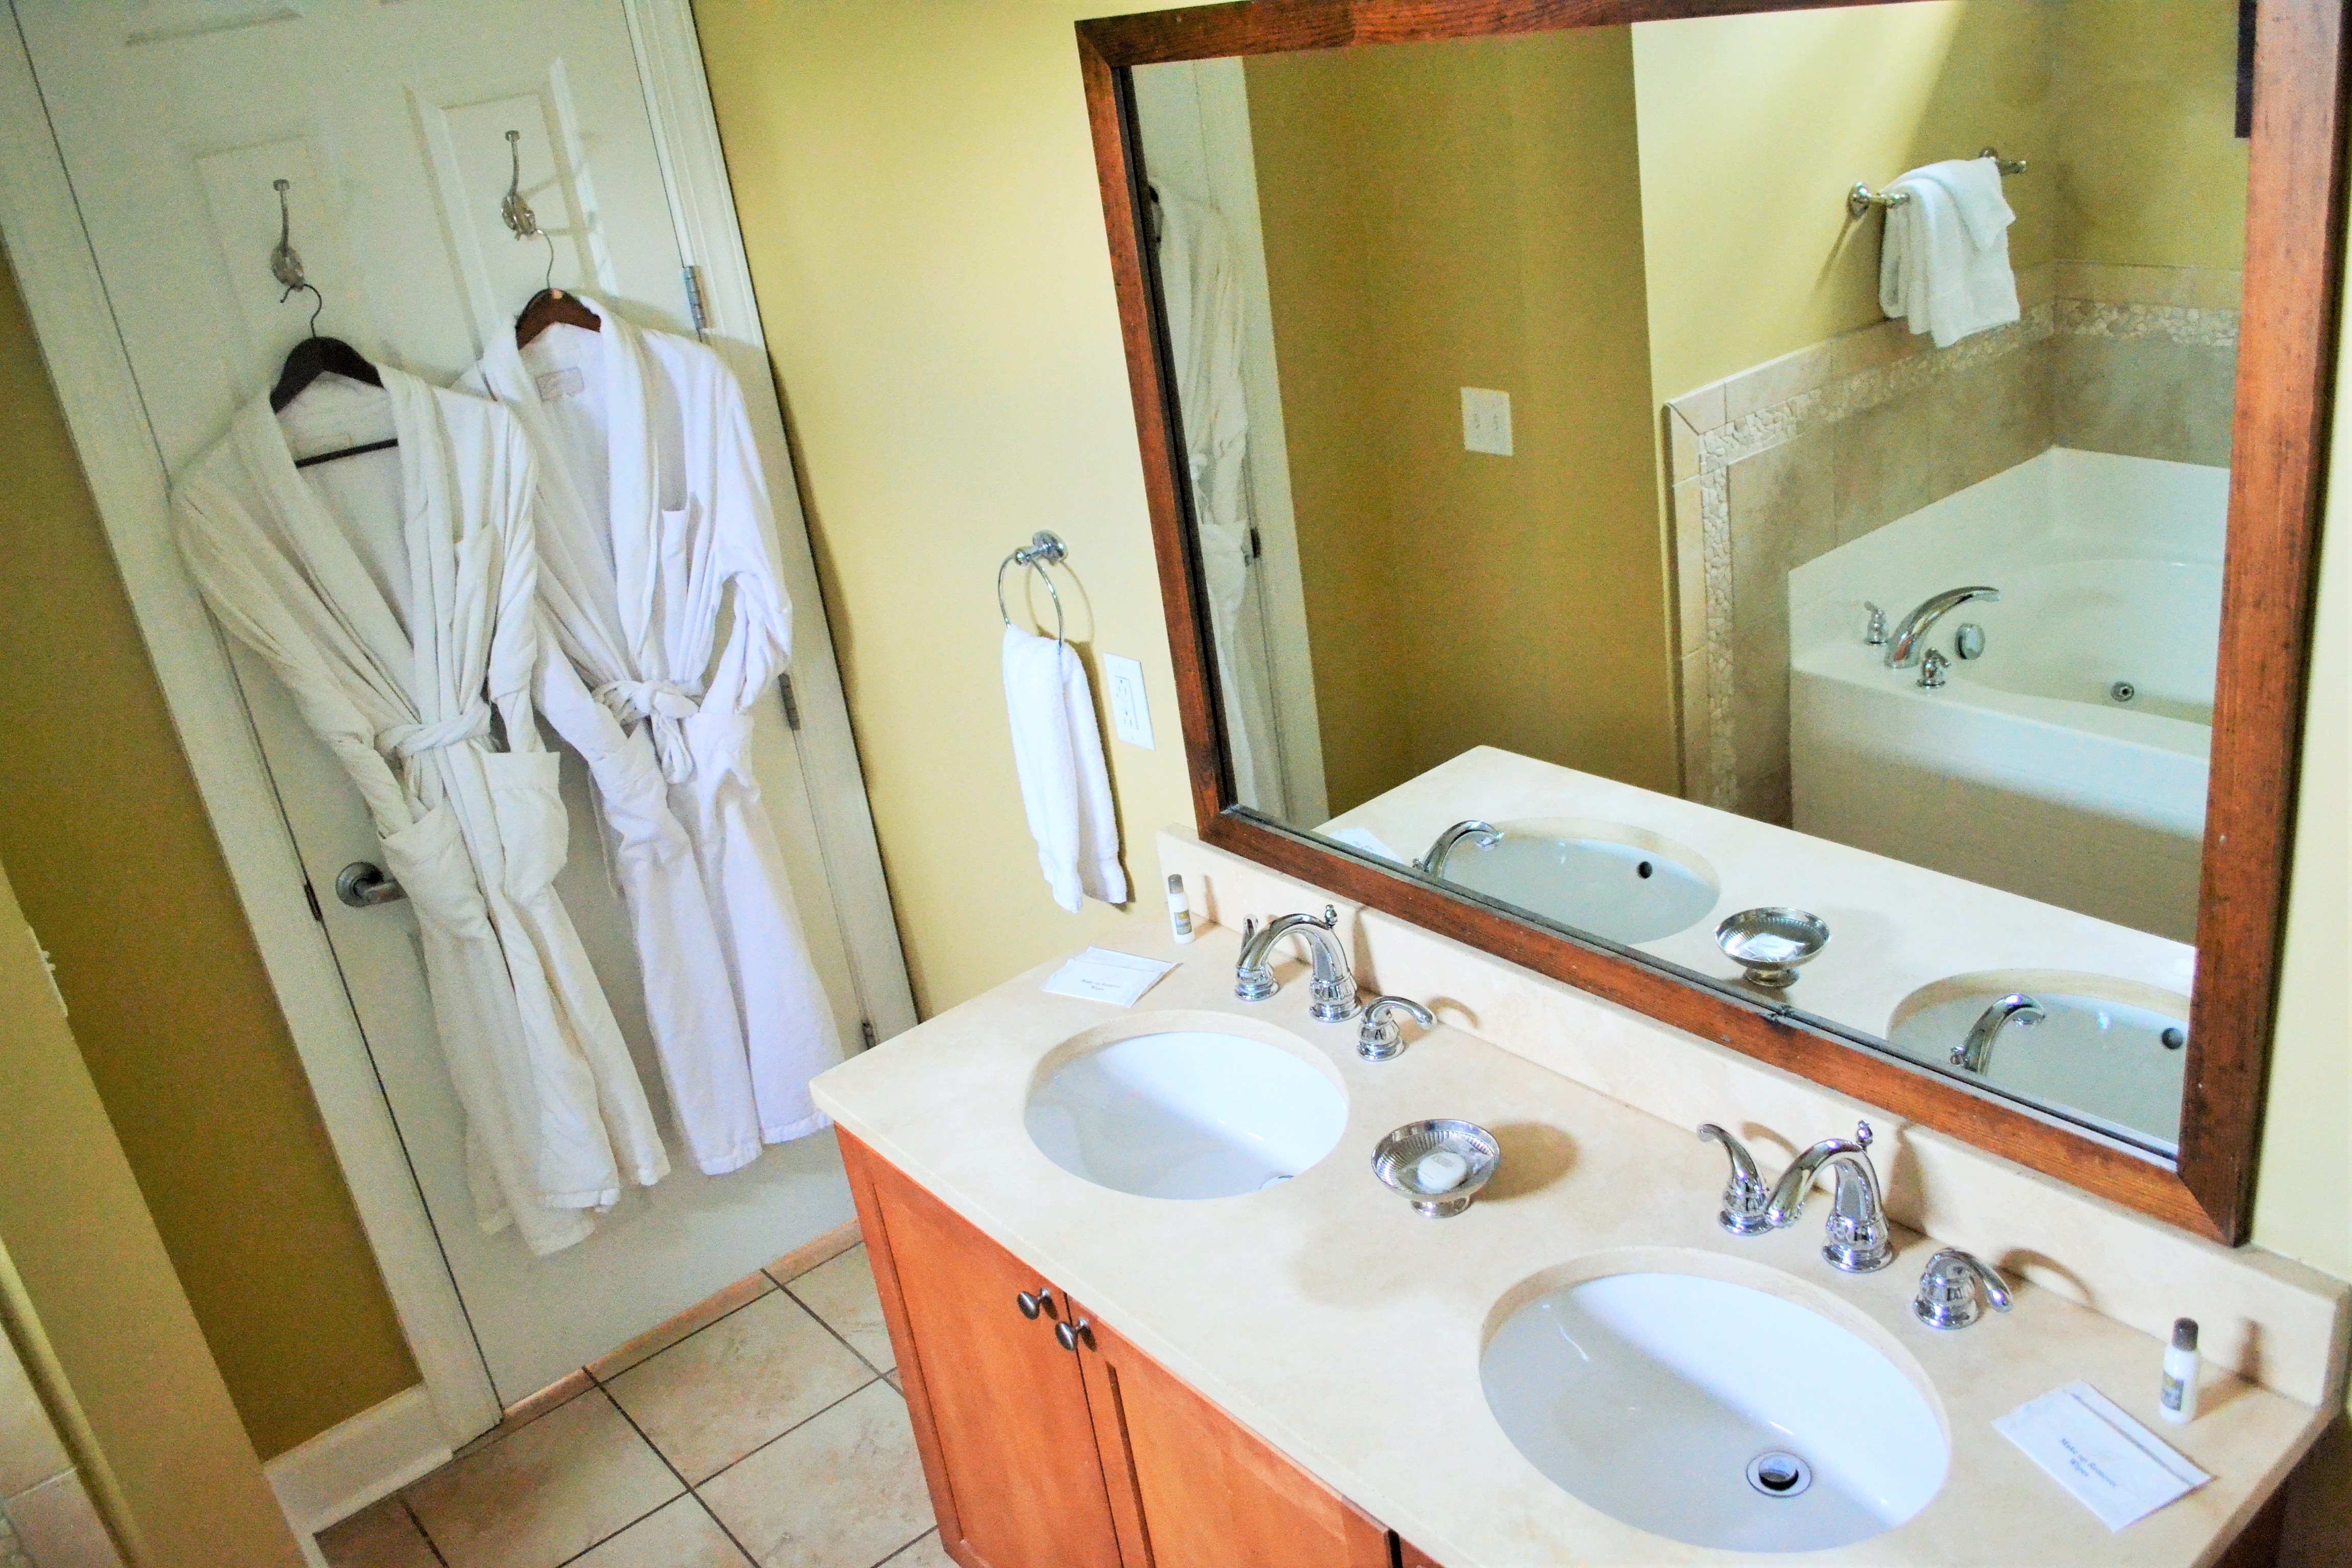 bathroom sinks, a mirror, and 2 hanging bathrobes
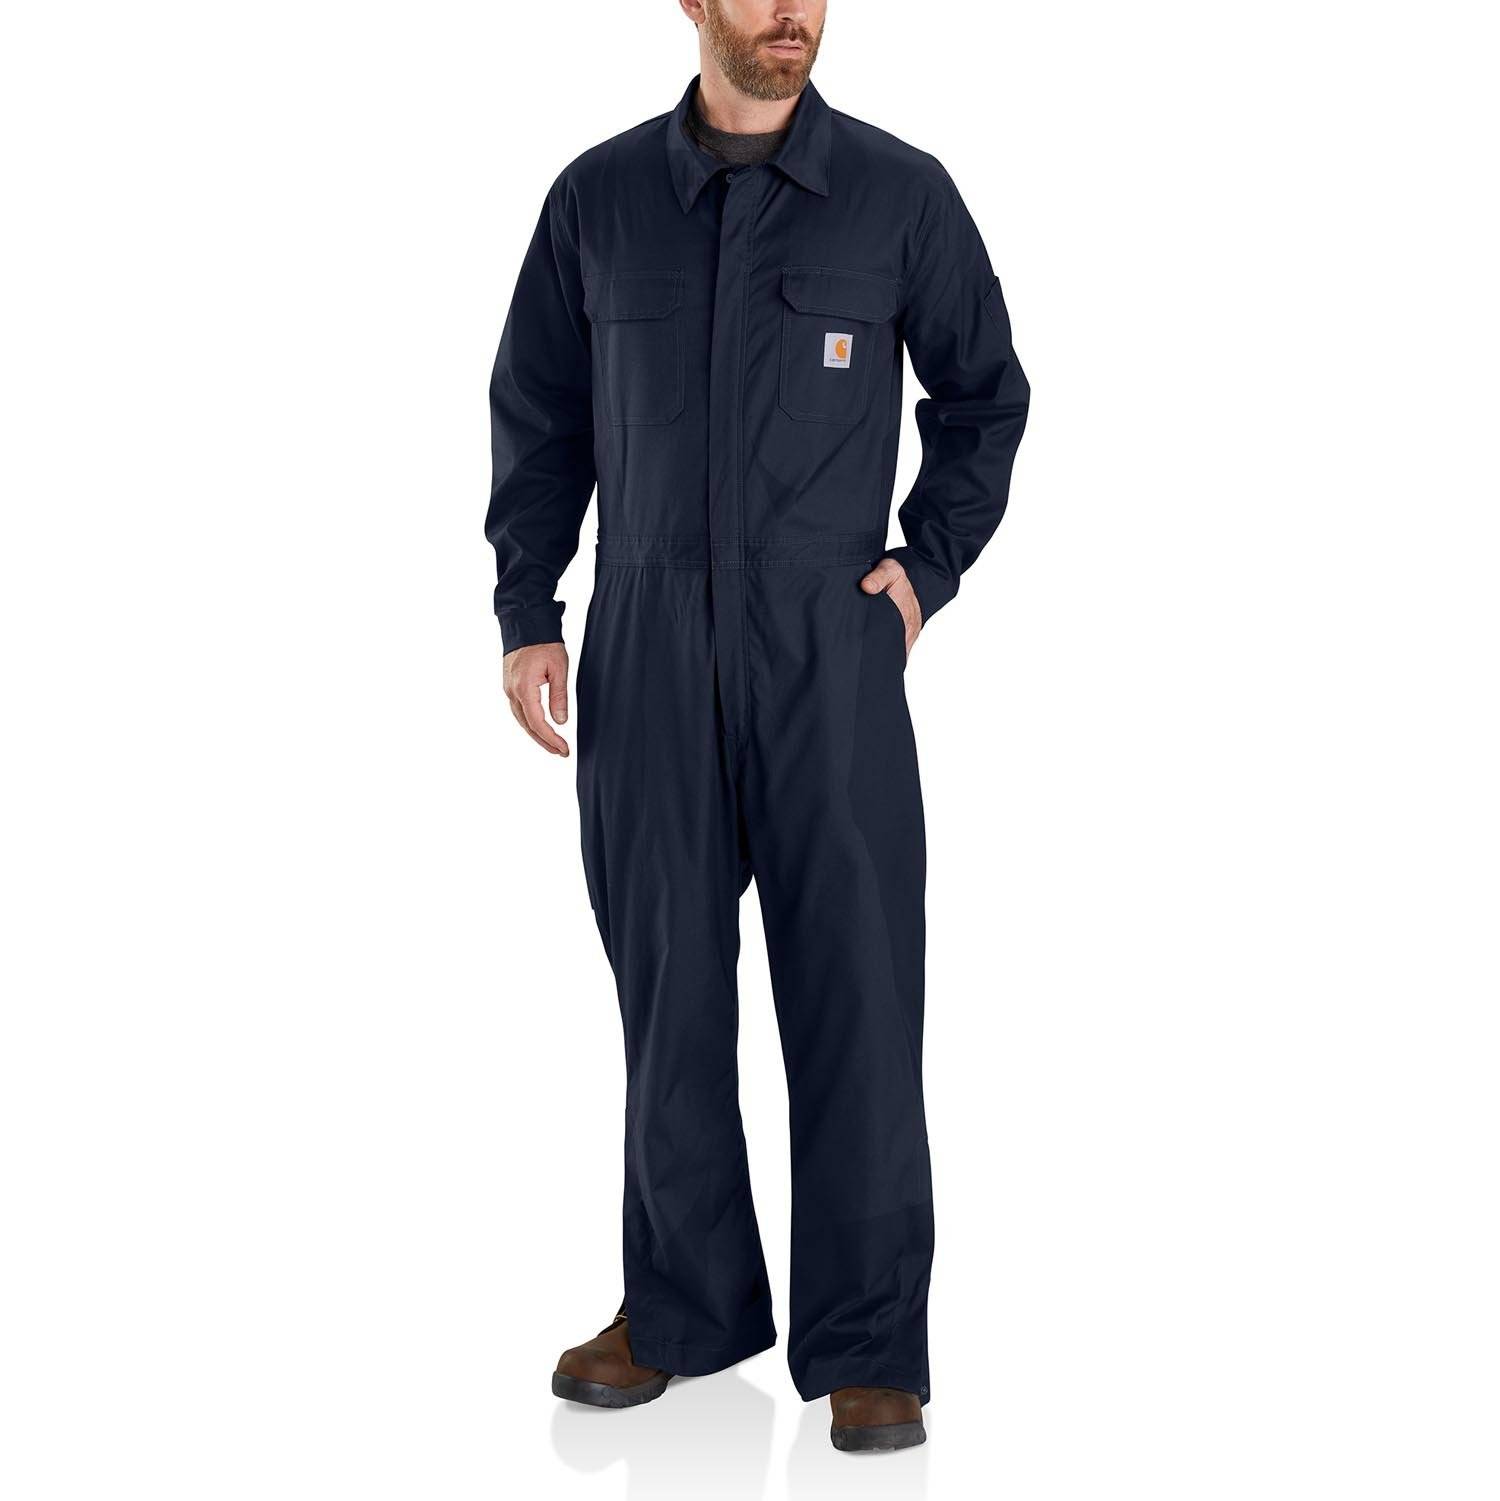 MilSpec Flightsuit Navy Blue
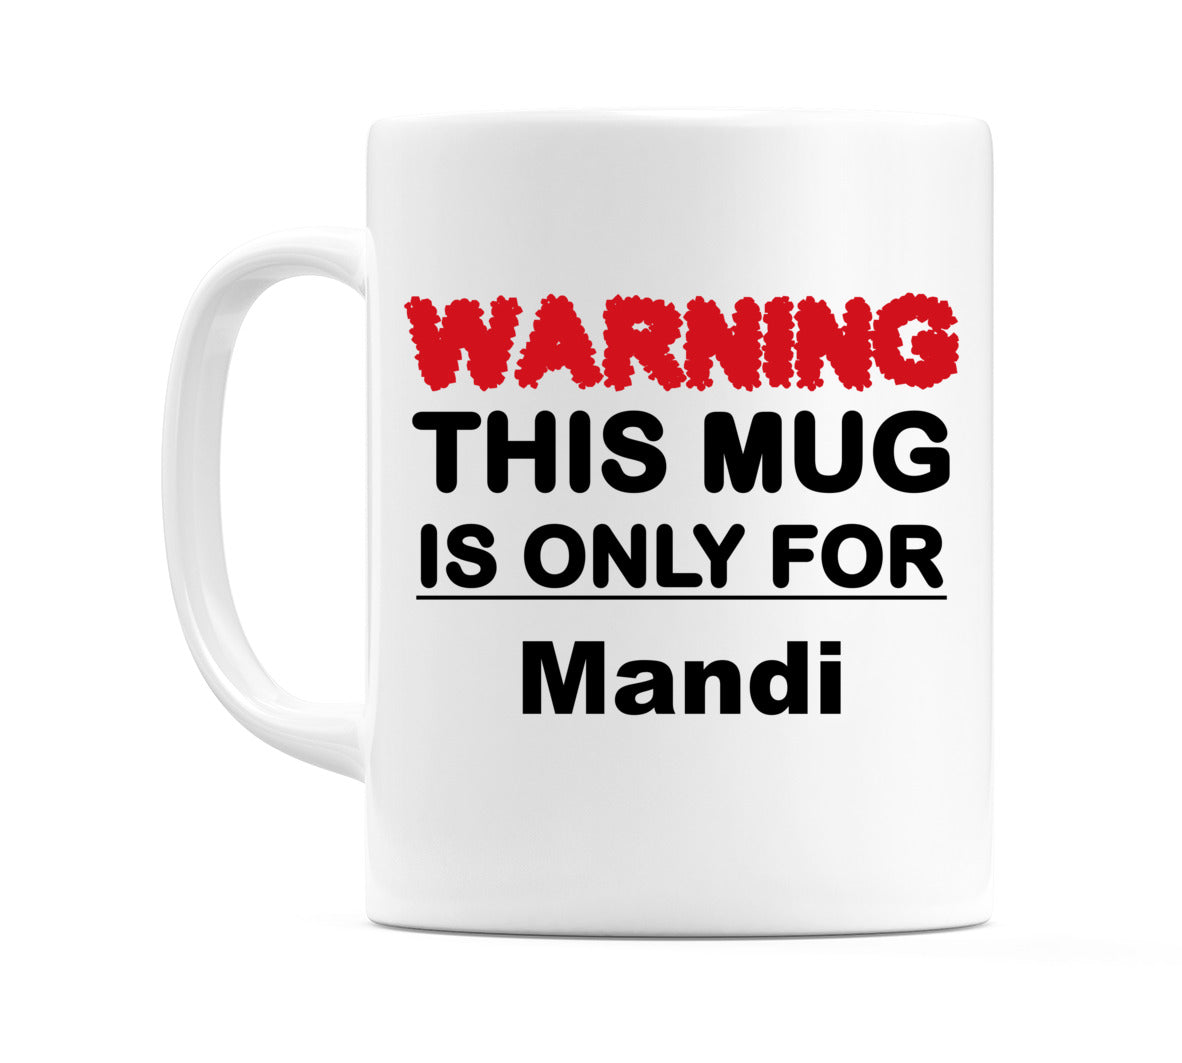 Warning This Mug is ONLY for Mandi Mug
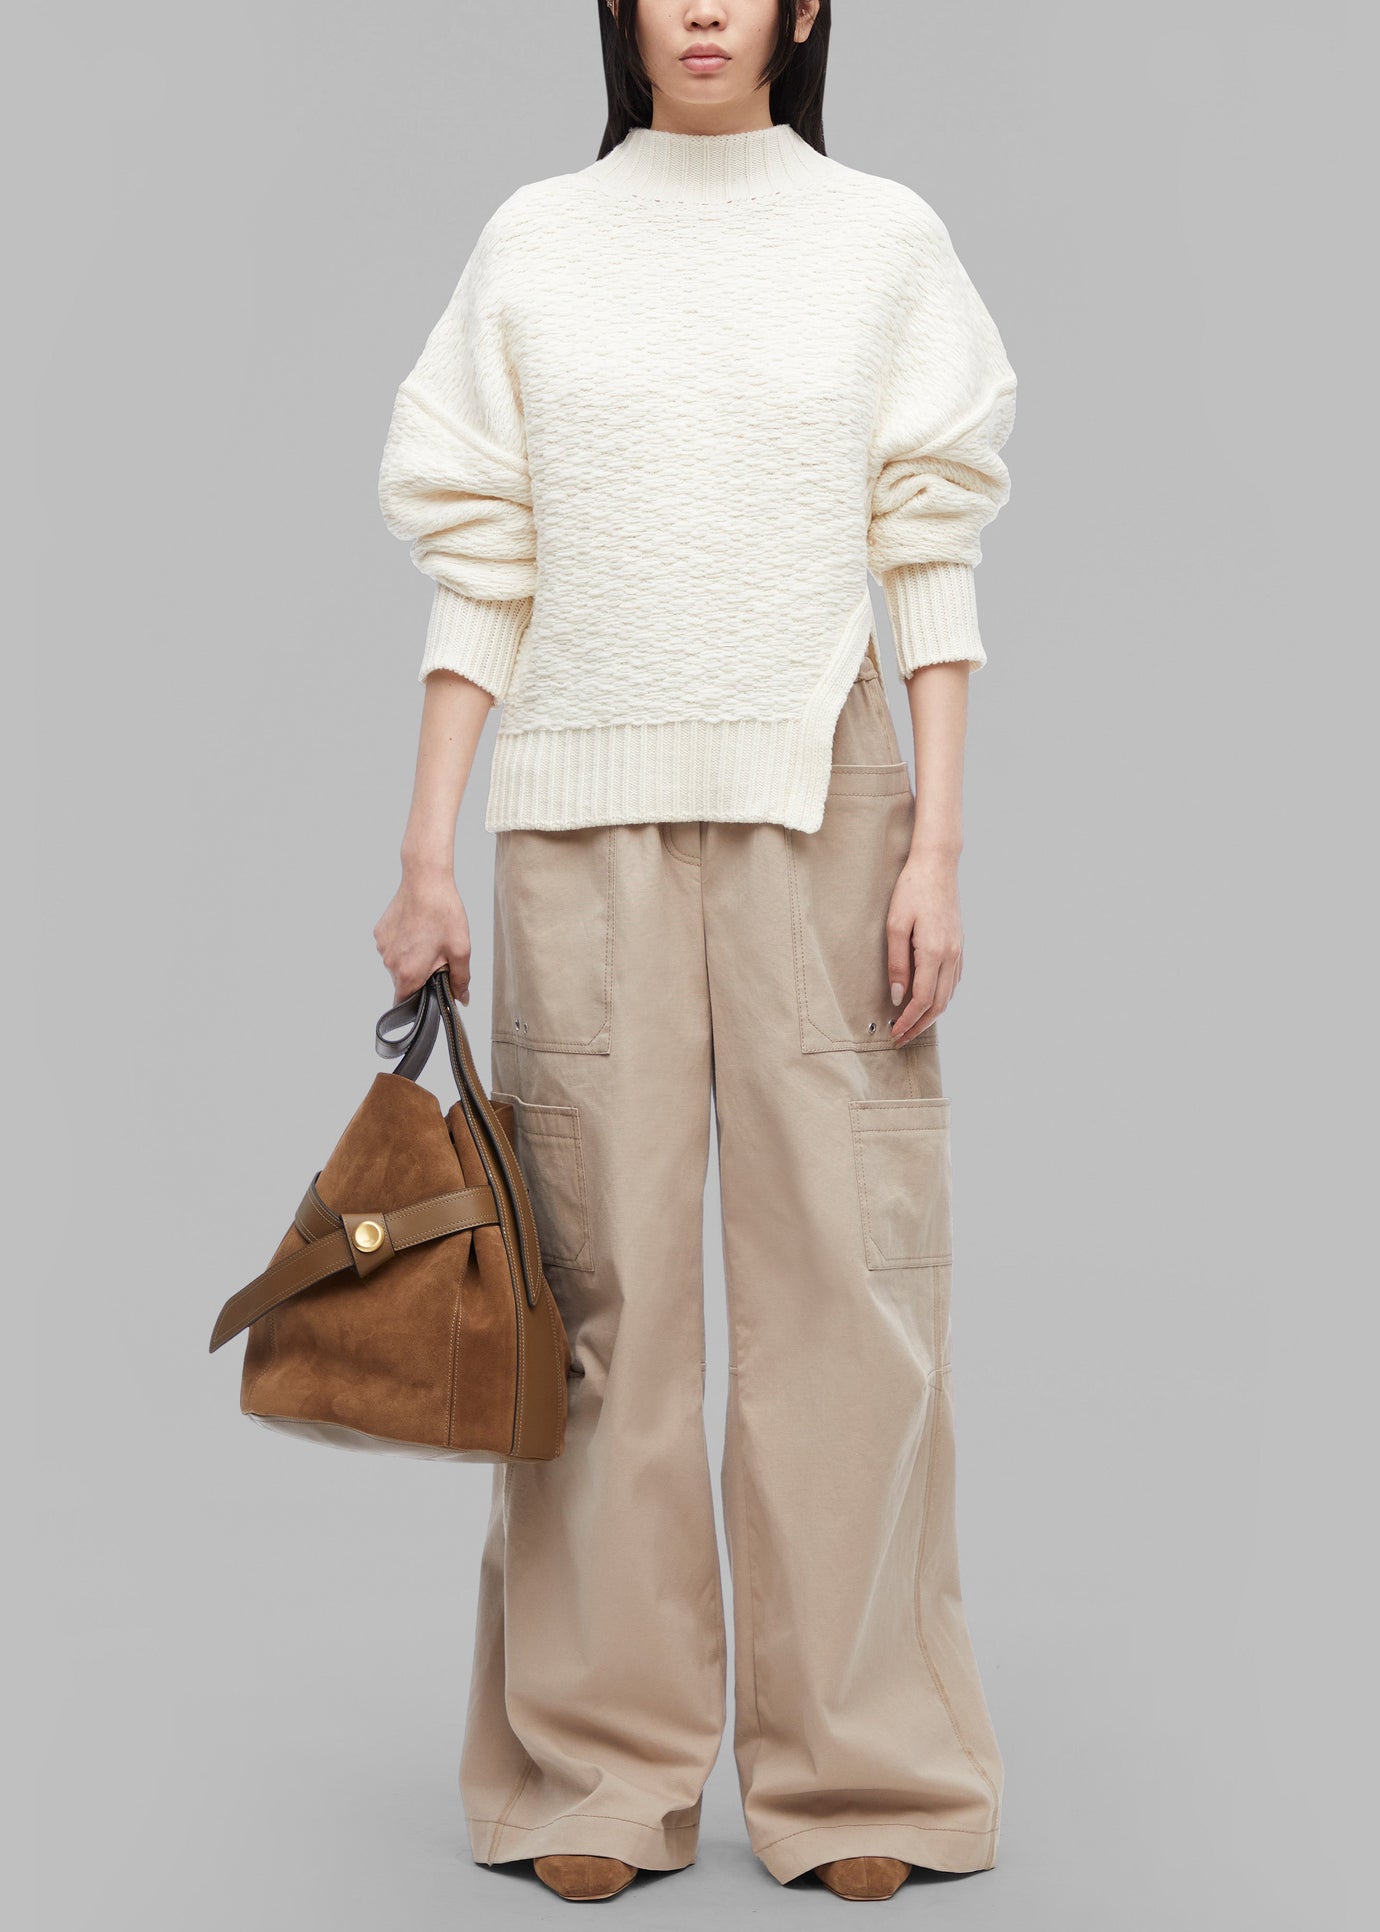 3.1 Phillip Lim Wool Jacquard Turtleneck Sweater - Ivory

__________________________________________________

[Work to complete]: Could every line above be set down exactly, with the pictures omitted?

[Exercise result]:
 bathroom sinks, a mirror, and 2 hanging bathrobes
 MilSpec Flightsuit Navy Blue
 Warning This Mug is ONLY for Mandi Mug
 3.1 Phillip Lim Wool Jacquard Turtleneck Sweater - Ivory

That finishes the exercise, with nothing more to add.